- **AVAILABLE DATA**
^^^^^^^^
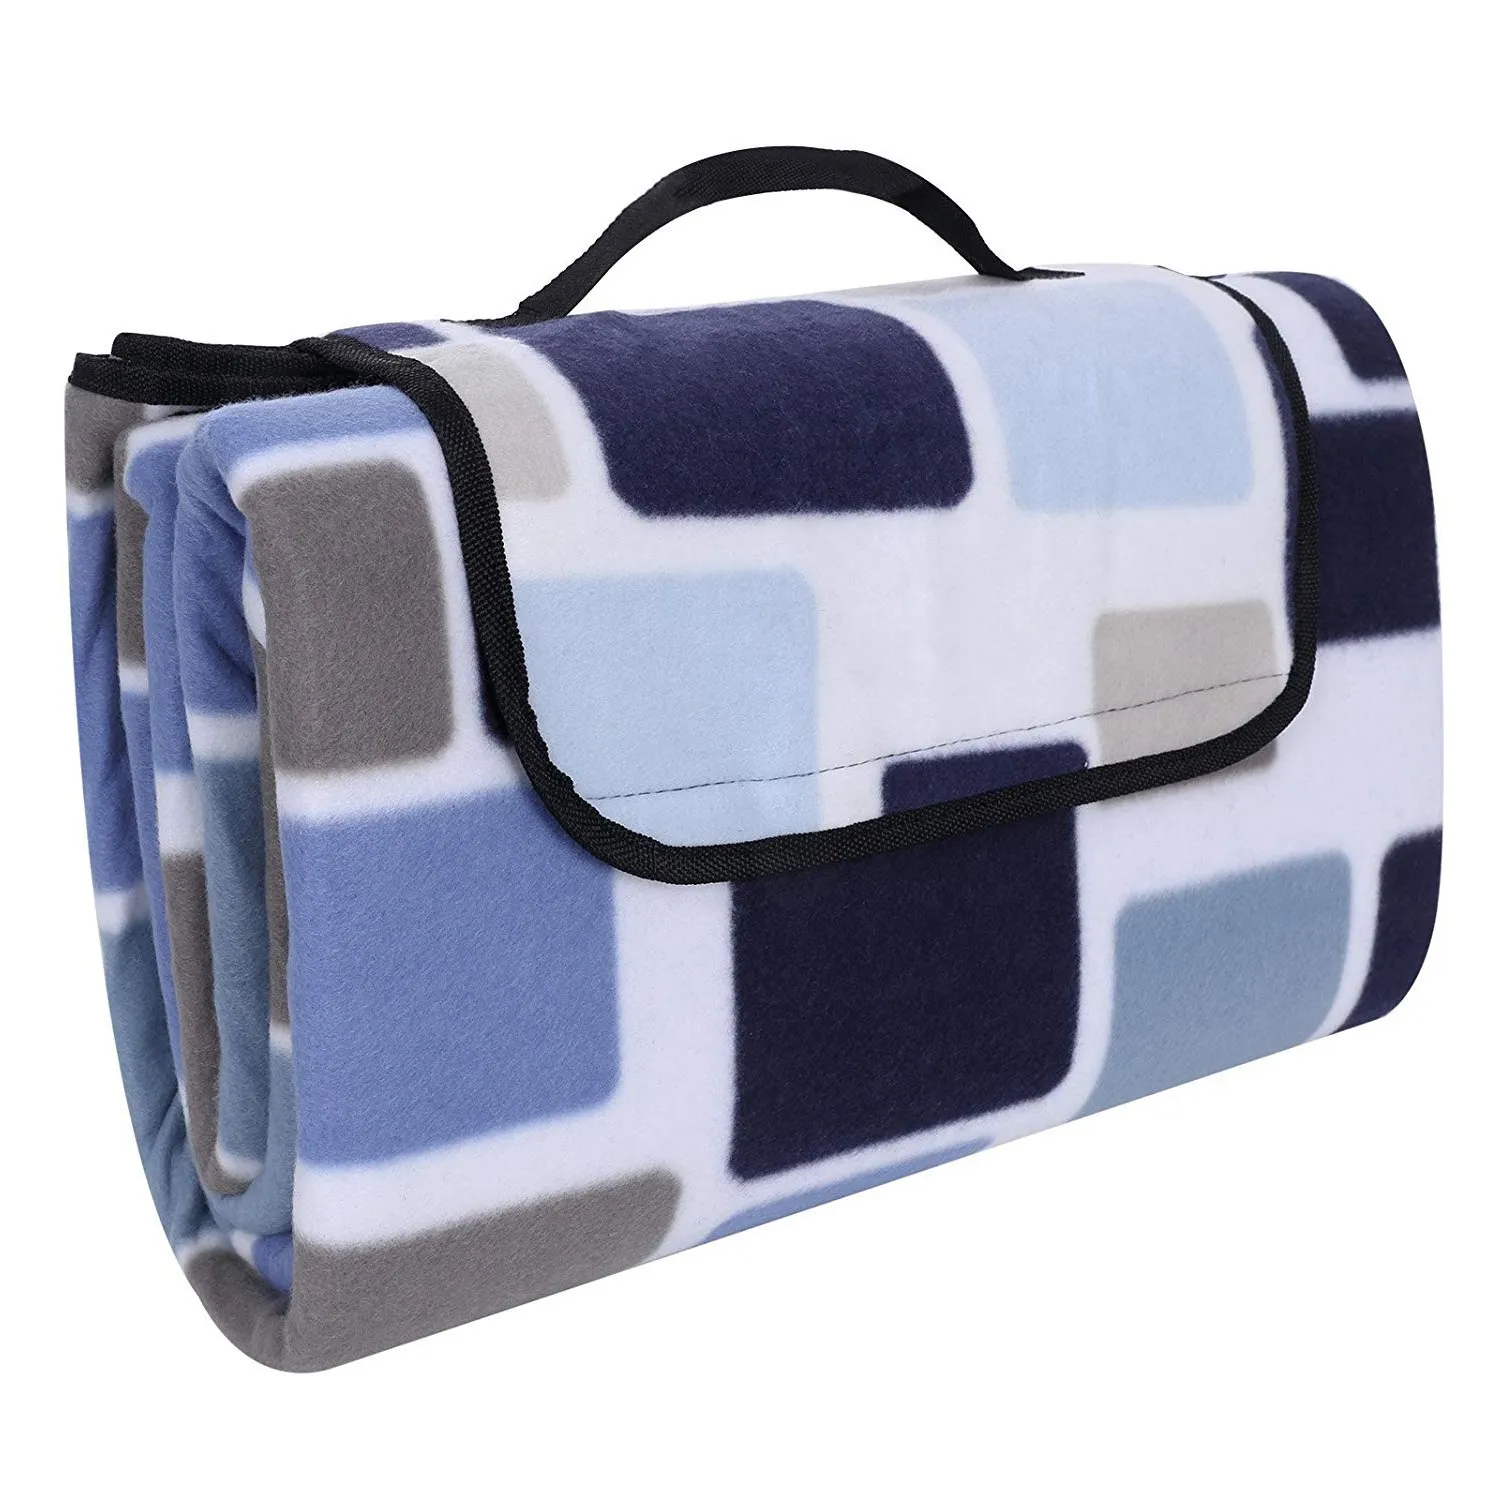 ELOS-одеяло для пикника, 200x200 см, размер XXL, Фланелевое, теплоизолированное, водонепроницаемое, с ручкой для переноски
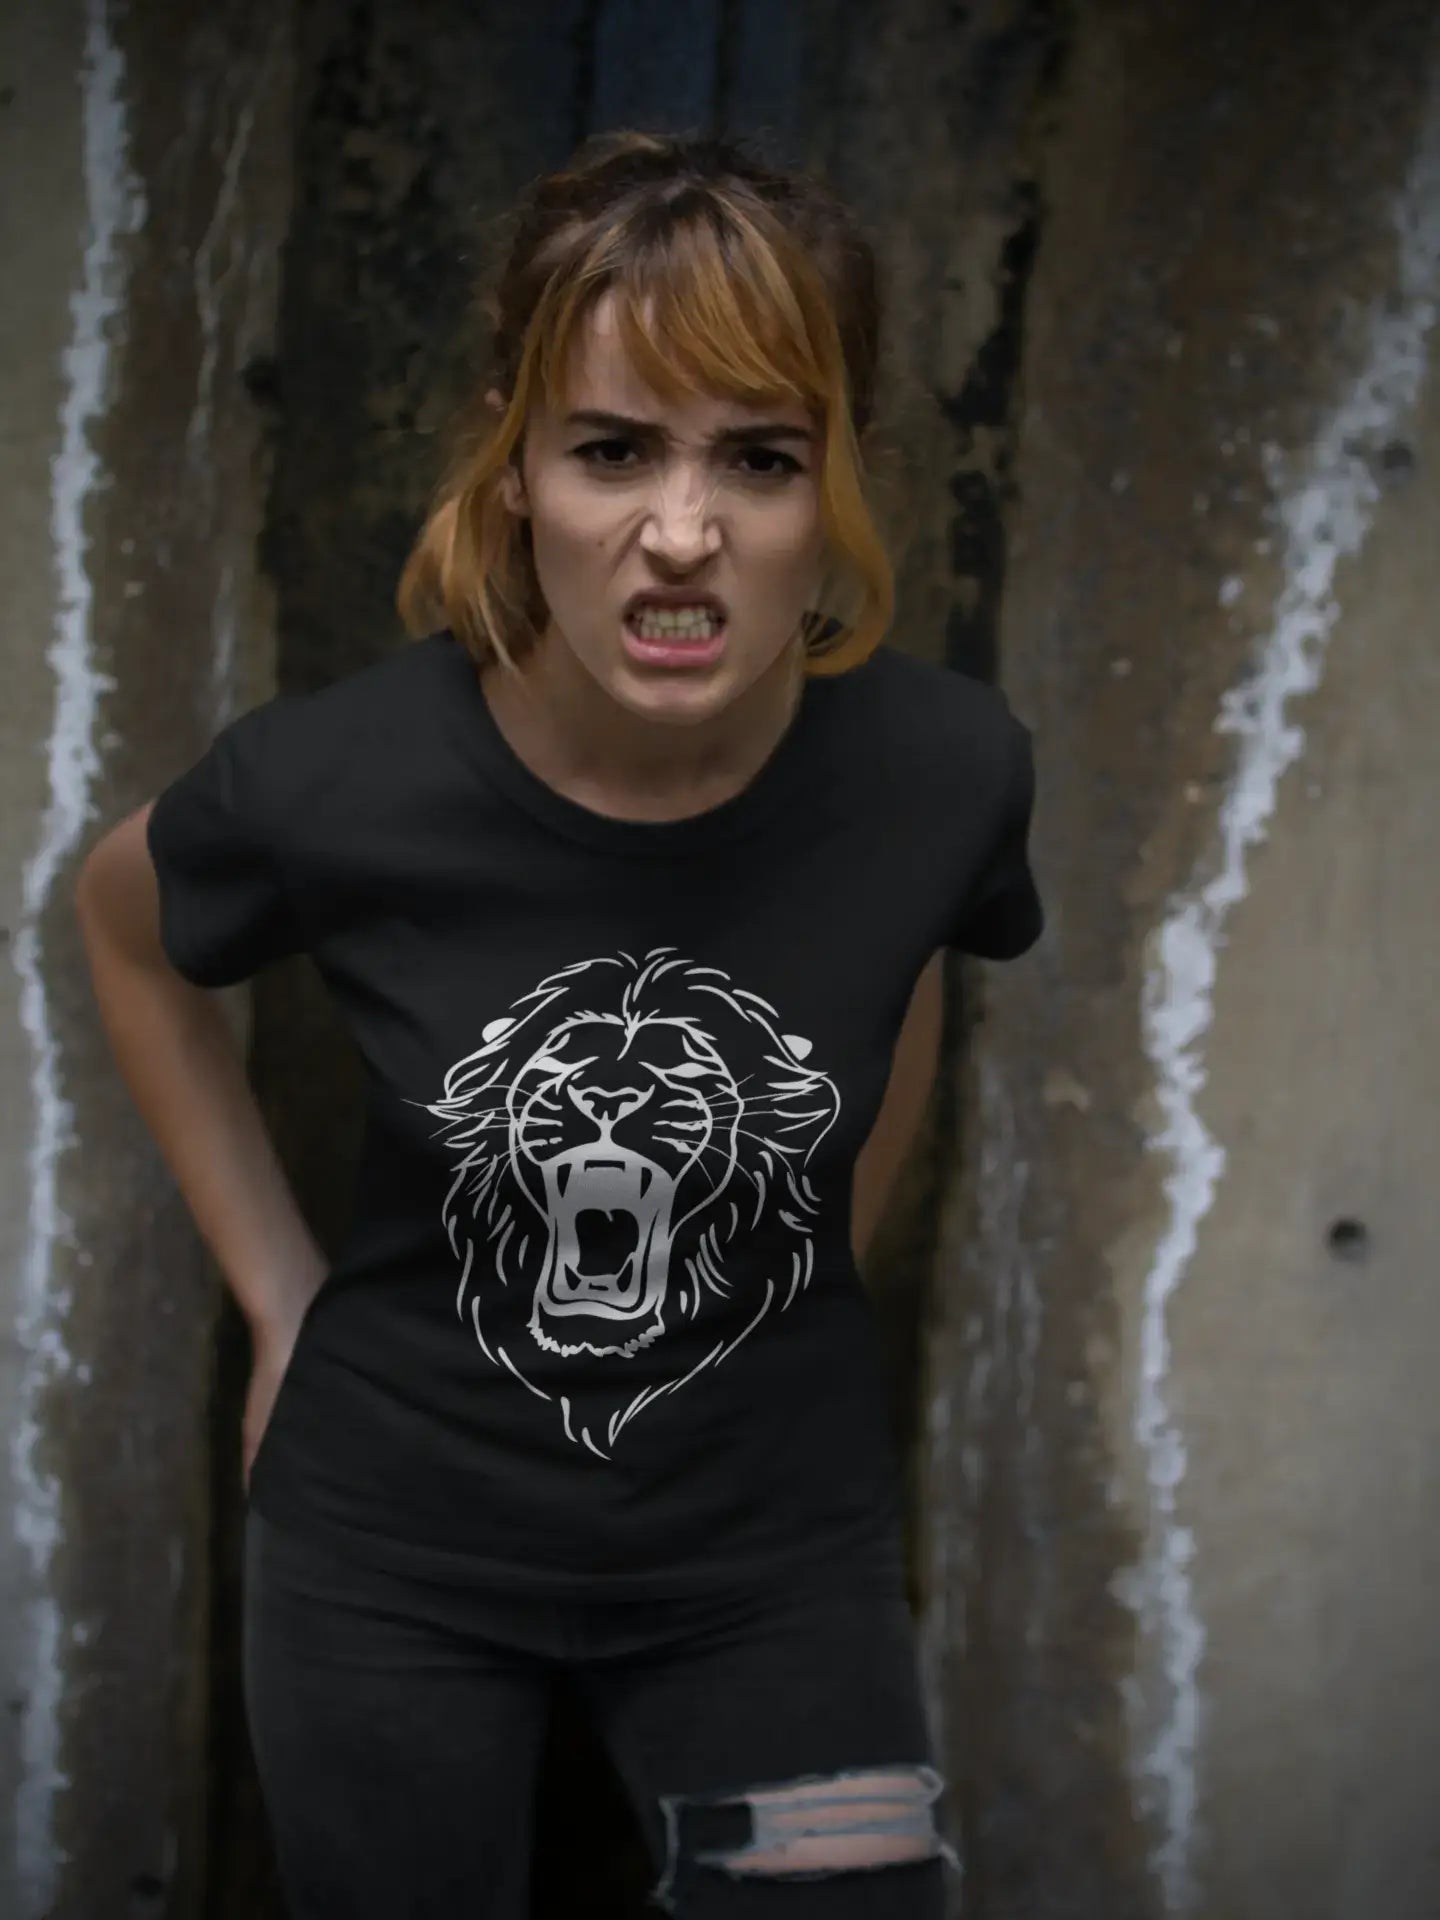 Angry Lion Head Tattoo Black Gift Tshirt, Black Women's T-shirt 00165
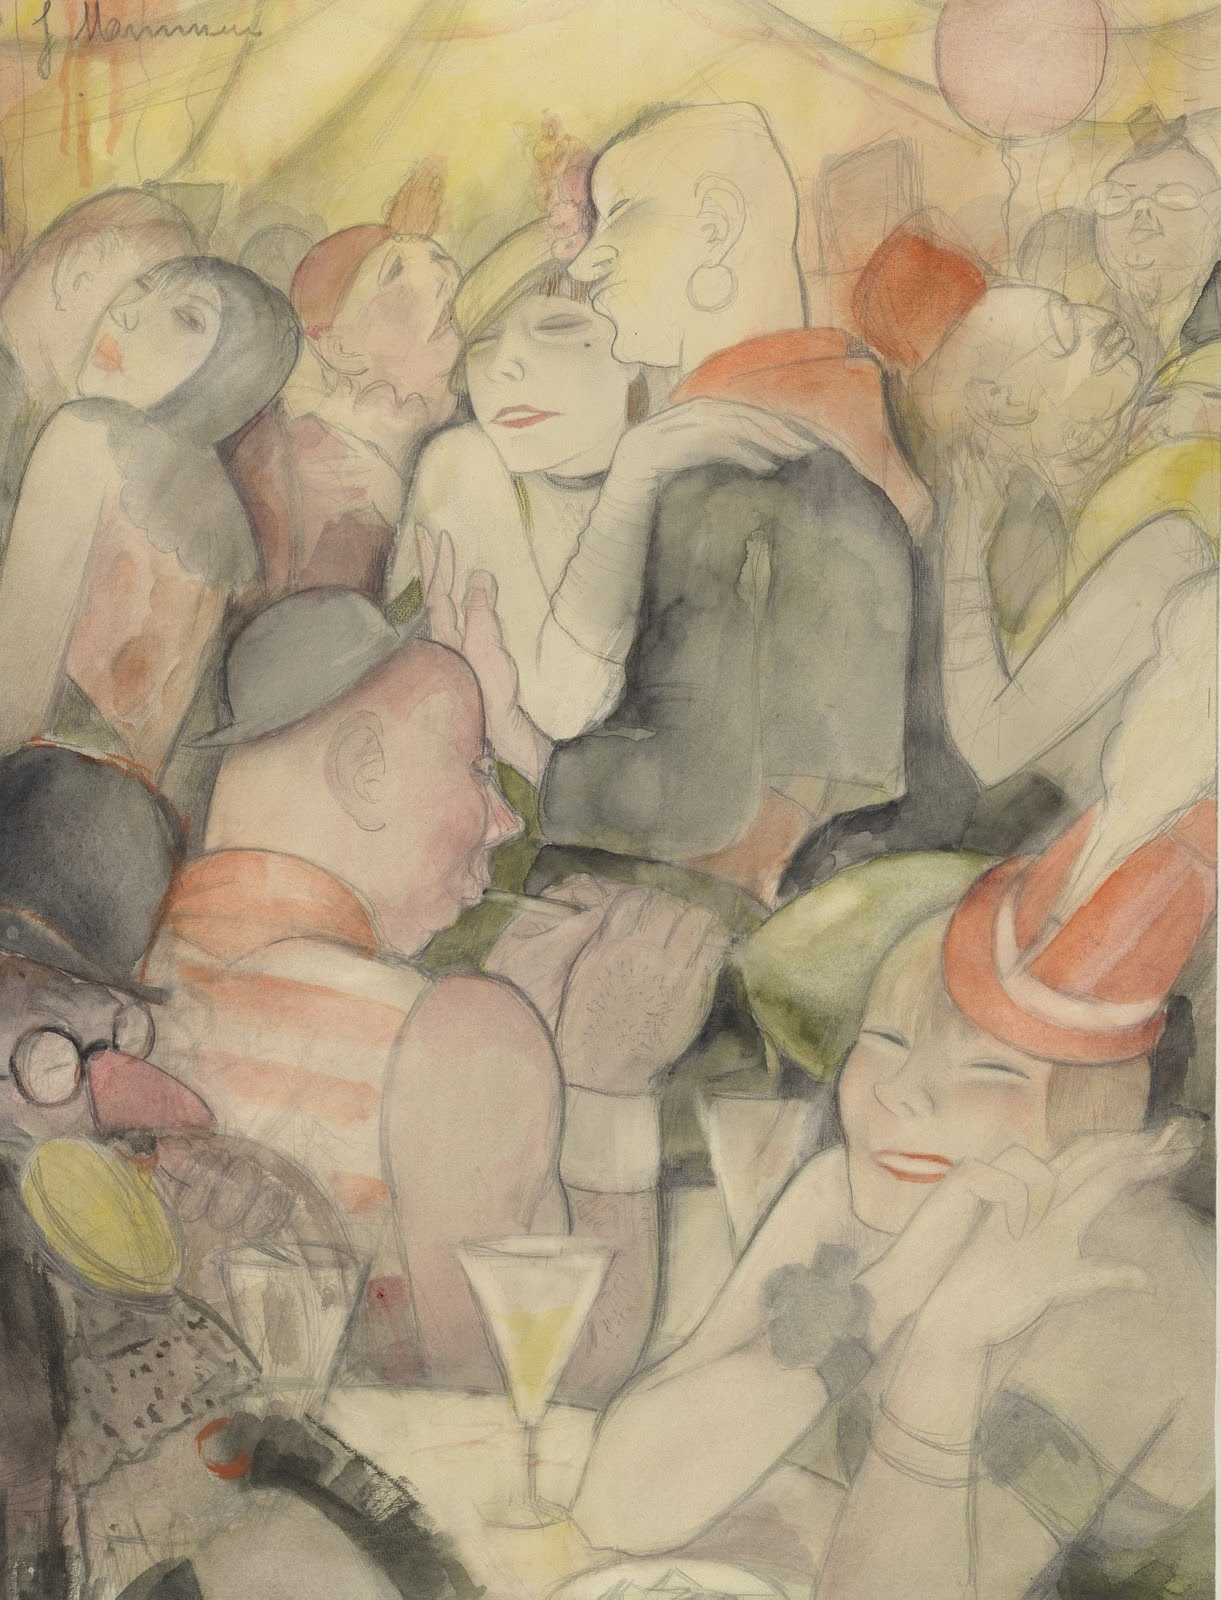 Jeanne Mammen: Carnival in Berlin N III (Fasching Berlin N III), c. 1930, watercolor
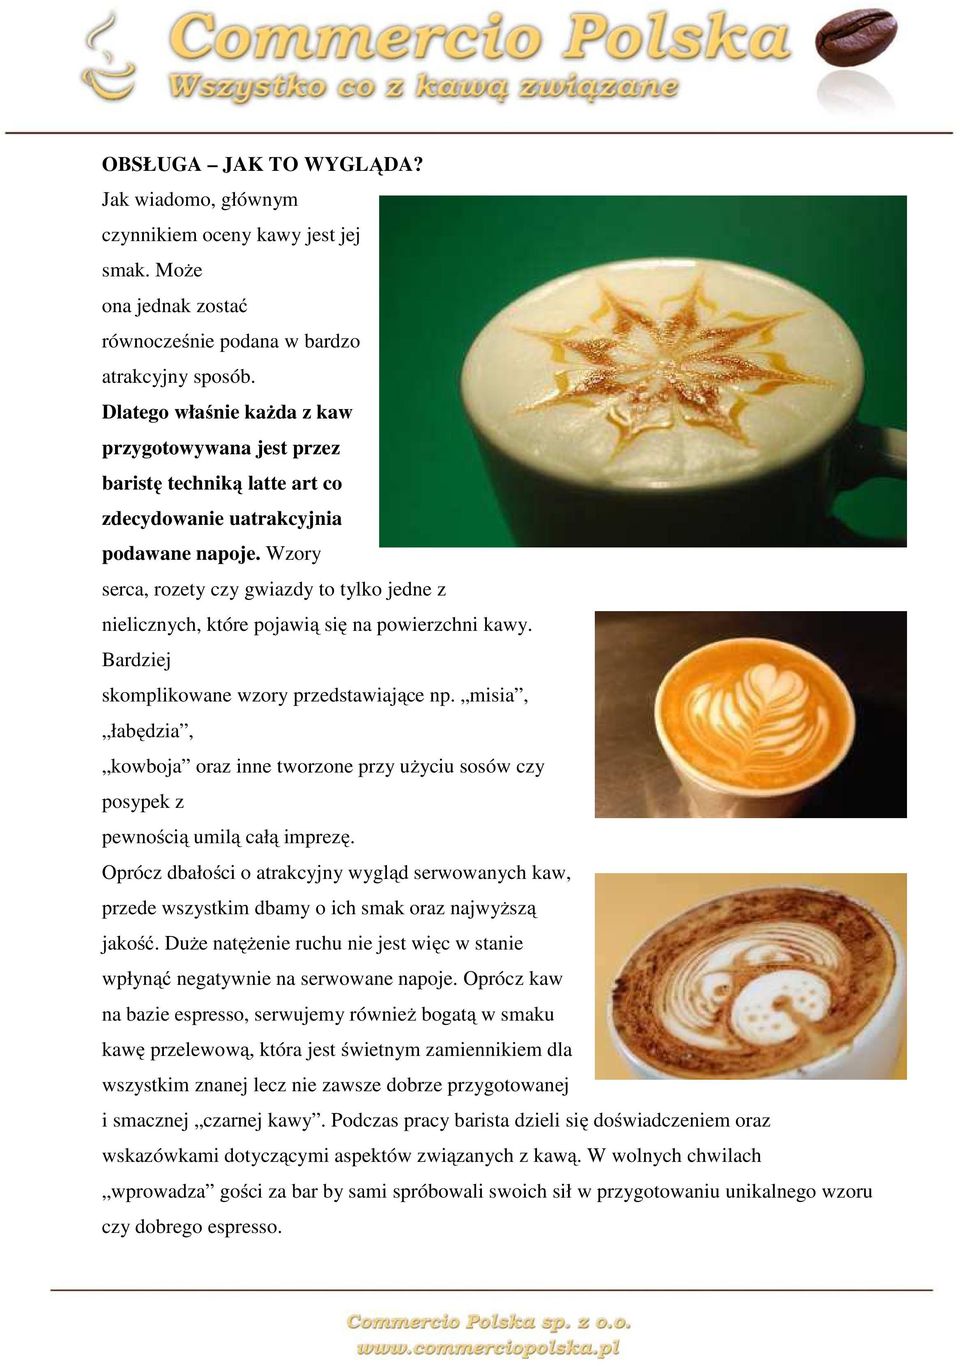 Wzory serca, rozety czy gwiazdy to tylko jedne z nielicznych, które pojawią się na powierzchni kawy. Bardziej skomplikowane wzory przedstawiające np.
^^^^^^^^
- **EXERCISE**
Reproduce the listing verbatim, and keep the pictures out of the copy.

- **ANSWER TO THE EXERCISE**
 ELOS-одеяло для пикника, 200x200 см, размер XXL, Фланелевое, теплоизолированное, водонепроницаемое, с ручкой для переноски
 Angry Lion Head Tattoo Black Gift Tshirt, Black Women's T-shirt 00165
 Jeanne Mammen: Carnival in Berlin N III (Fasching Berlin N III), c. 1930, watercolor
 Wzory serca, rozety czy gwiazdy to tylko jedne z nielicznych, które pojawią się na powierzchni kawy. Bardziej skomplikowane wzory przedstawiające np.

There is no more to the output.